In general, there are three reasons why you might want to call unmanaged code from a .NET application. The first is that you have no choice in the matter. You have a third-party control or component, and a .NET equivalent isn't available. So, you don't have source code and you still have to use the component even though the rest of your application is now running as managed code.

Second, you might call unmanaged components because you have working code that you haven't yet ported into a managed language. In fact, you may not even have any plans to port some code; for example, such a large effort has been invested into COM components or legacy code that encapsulate unchanging business logic, and it adds no value to rewrite the code at this time. So you continue to use the same unmanaged code even though the rest of the application is new.

The third reason for calling unmanaged components is that no way can be found within the .NET Framework to do what the application needs.
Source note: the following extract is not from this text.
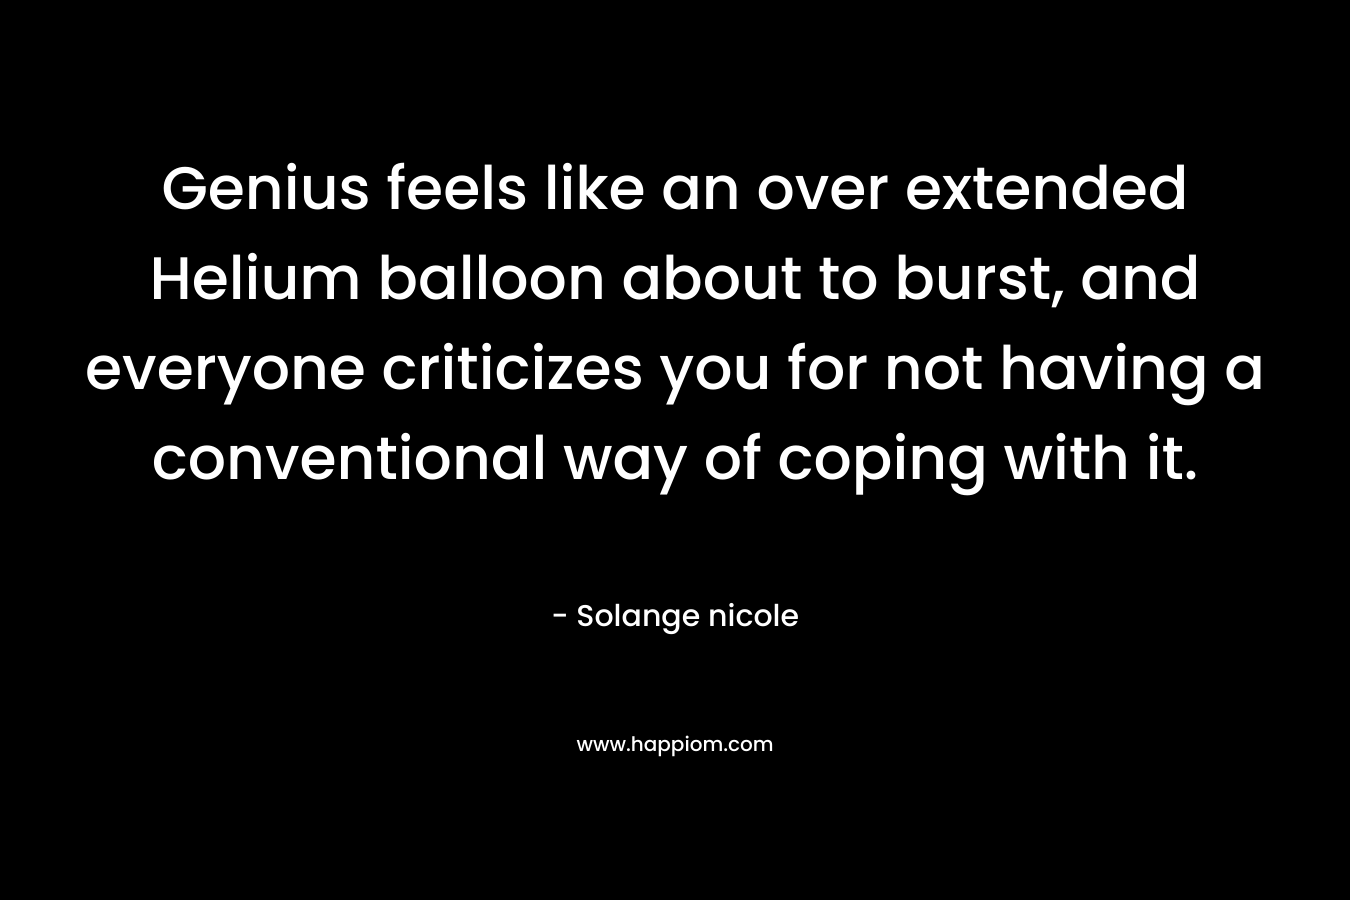 Genius feels like an over extended Helium balloon about to burst, and everyone criticizes you for not having a conventional way of coping with it. – Solange nicole

In this case, you might have to make a call directly to the Windows platform or to other third-party libraries, in order to get the type of event or resource you're looking for.

The problem with mixing managed and unmanaged code in a single application is that the unmanaged or native code isn't recognized in the .NET environment. Managed code components not only depend on the classes available in the .NET Framework, they also expect the other components with which they interact to depend on that framework as well.
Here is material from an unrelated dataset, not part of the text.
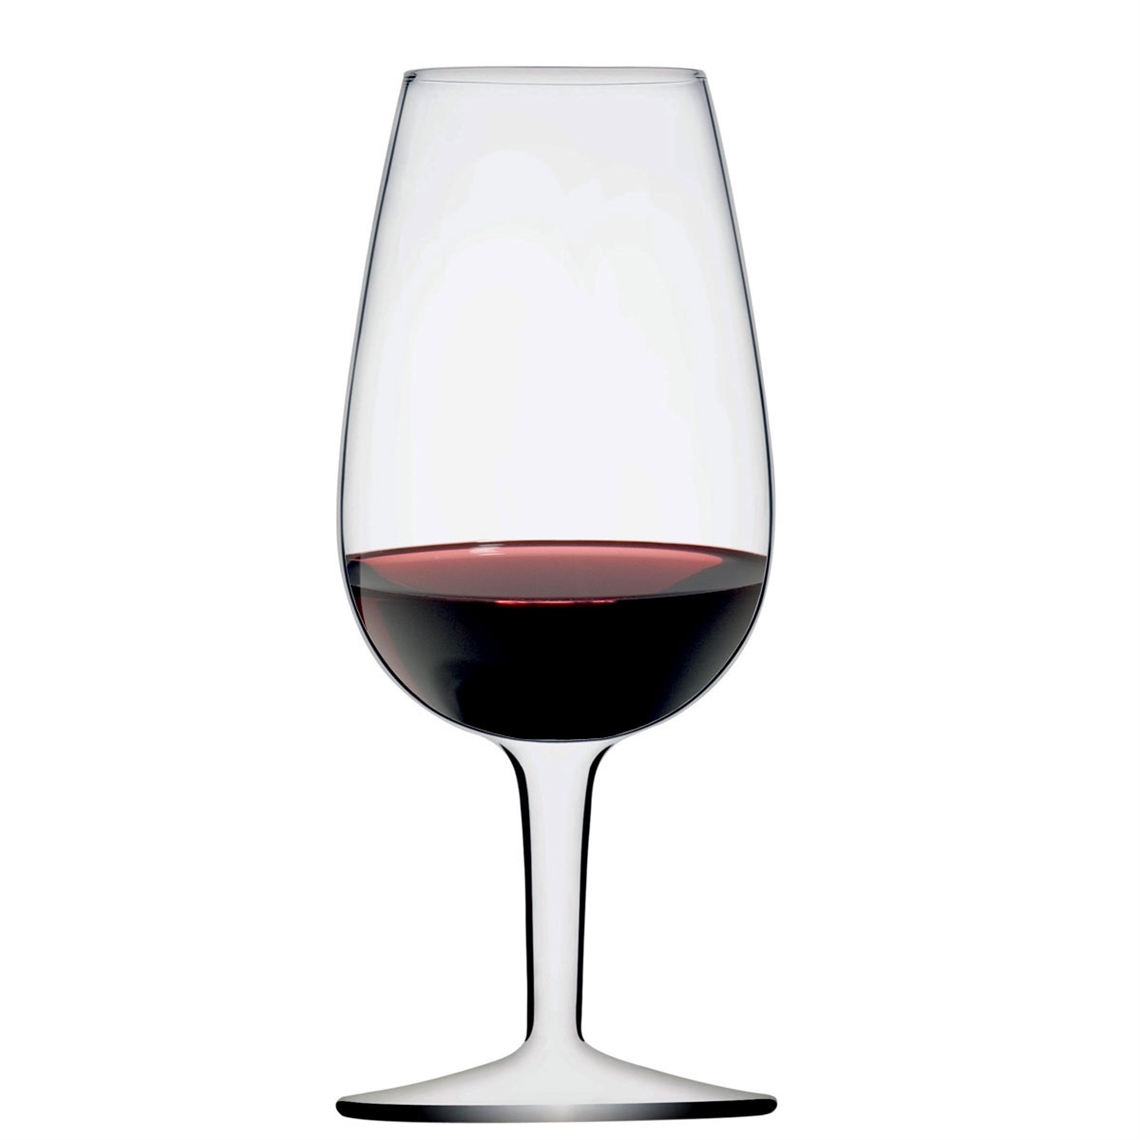 View more wine tasting from our Wine Tasting Glasses range

So you've made the decision to call a native component or code from your .NET application. Before you do so, you have to be cognisant of what it involves and what the performance implications can be.

All but the most trivial calls into native code must undergo a mode transition. The mode transition, which is the physical process of moving data between the managed and unmanaged modes of operation, typically requires about two dozen instructions. The second cost is marshalling the data to move across the boundary. Marshalling is necessary because the internal representation of data structures is different between managed and unmanaged code. To pass data across the boundary, you have to change the data from the .NET representation to the native one, and then back again.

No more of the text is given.